By Mandy Honeychurch, staff writer

The University of California Los Angeles
The UC Regents meeting ended with several approved salary increases for administrative positions, many of which will be paid for with public funding. Given recent protests against tuition increases, this decision has brought controversy. Protestors who attended the November 28 meeting ended up shutting it down and it wasn’t till it reconvened later, in front of a much smaller audience, that the pay increases were approved.
The Regents voted to give a vice chancellor at UCLA as well as two vice chancellors from UC Irvine raises of 9.9%. After this pay raise, the UCLA vice chancellor’s salary will be $317,000 while the UC Irvine vice chancellors will make $247,000. Another executive pay raise will go to Joseph Castro of UC San Francisco, who will receive a 7.5% pay bump. He is the interim dean of the university’s graduate division and will make about $253,000 a year. In addition to the executive pay increases, six campus attorneys also will receive pay raises. The largest went to an attorney for UC Davis, Steven Drown, whose salary will increase by 21.9% from $205,045 to $250,000. The other attorneys will receive pay raises from 6.4% to 14.3%.
The Regents also approved a few other compensation measures. First off, they appointed a dean for the University Extension at UC Santa Cruz, who will make $165,000 a year. The Regents also voted to create a new position for the UC Davis Health System, a chief strategy officer. Additionally, the chief operating officer of UC Davis’s Medical Center received a 23% pay hike.

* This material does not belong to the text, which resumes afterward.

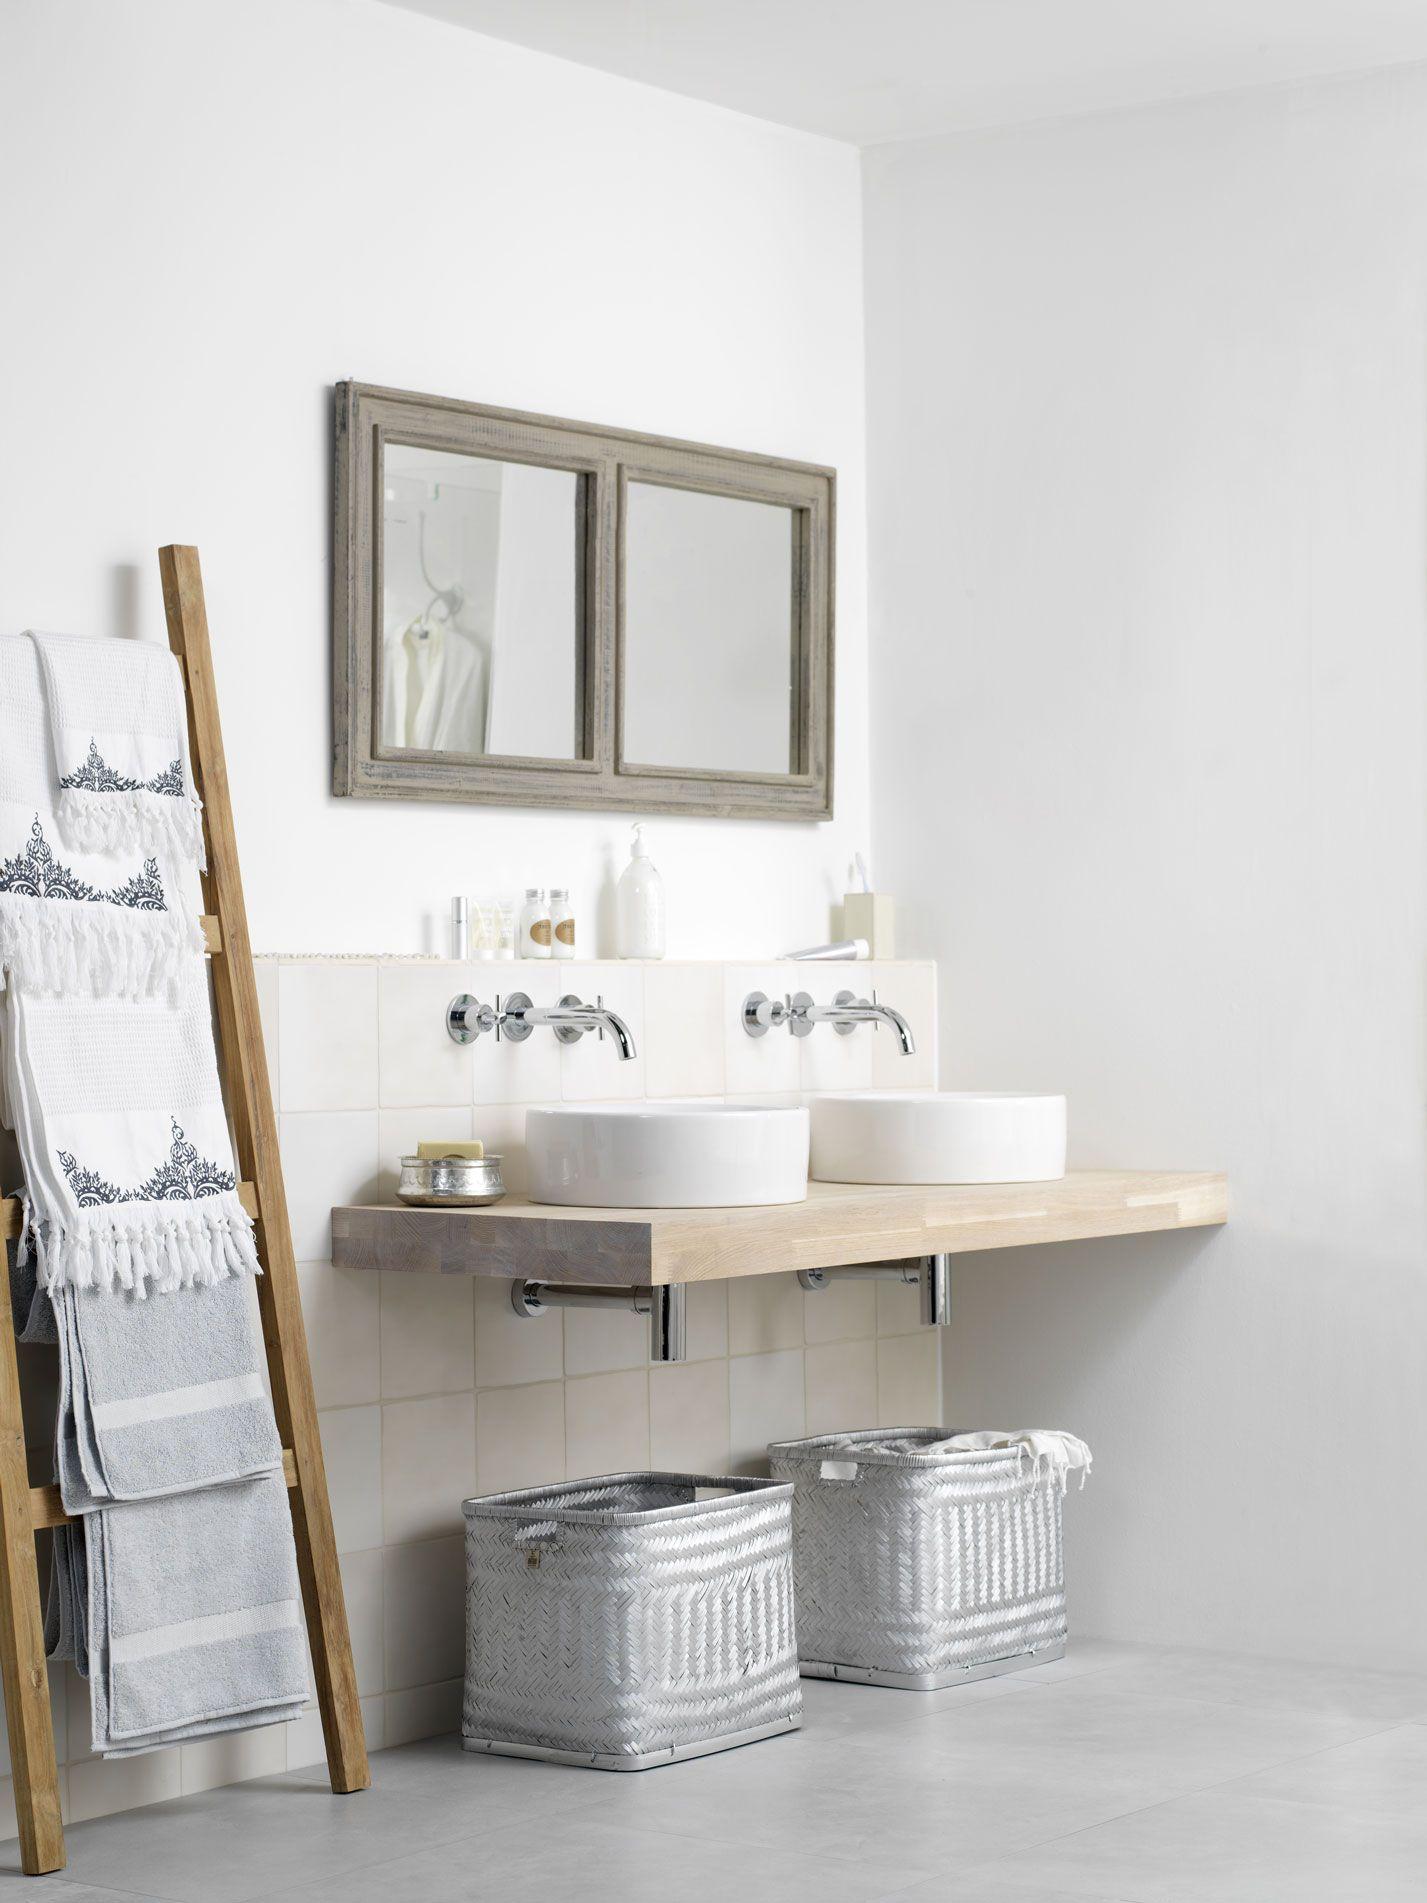 Badkamer in romantische stijl grando keuken bad for Design planken badezimmer

However, unlike the pay raises for the UC executives and attorneys, the compensation for these three positions will not be paid with public funding.
The Regents also voted to request that the state increase funding for the next fiscal year from $2.3 billion to $2.7 billion.
According to UC President Mark Yudof, these pay increases are to help the universities retain their best employees. “I understand it’s not a great time, but we can’t really close down shop and say we’re not going to make any effort to retain our best people,” Yudof said at the meeting.
However, given concerns about tuition increases, specifically a possible 81% increase over the next four years, many have already issued concerns about handing out these raises, particularly those that are publically funded. Before the Regents could approve these decisions, the Regents listened to three hours of complaints from the public, most of which were about the pepper spray incident at UC Davis and other issues of police brutality at UC Berkeley, in addition to complaints about tuition increases.
The Regents have said they will not vote on tuition increases, though, until at least March, and that they are waiting for the governor to release his budget proposal to make any decisions.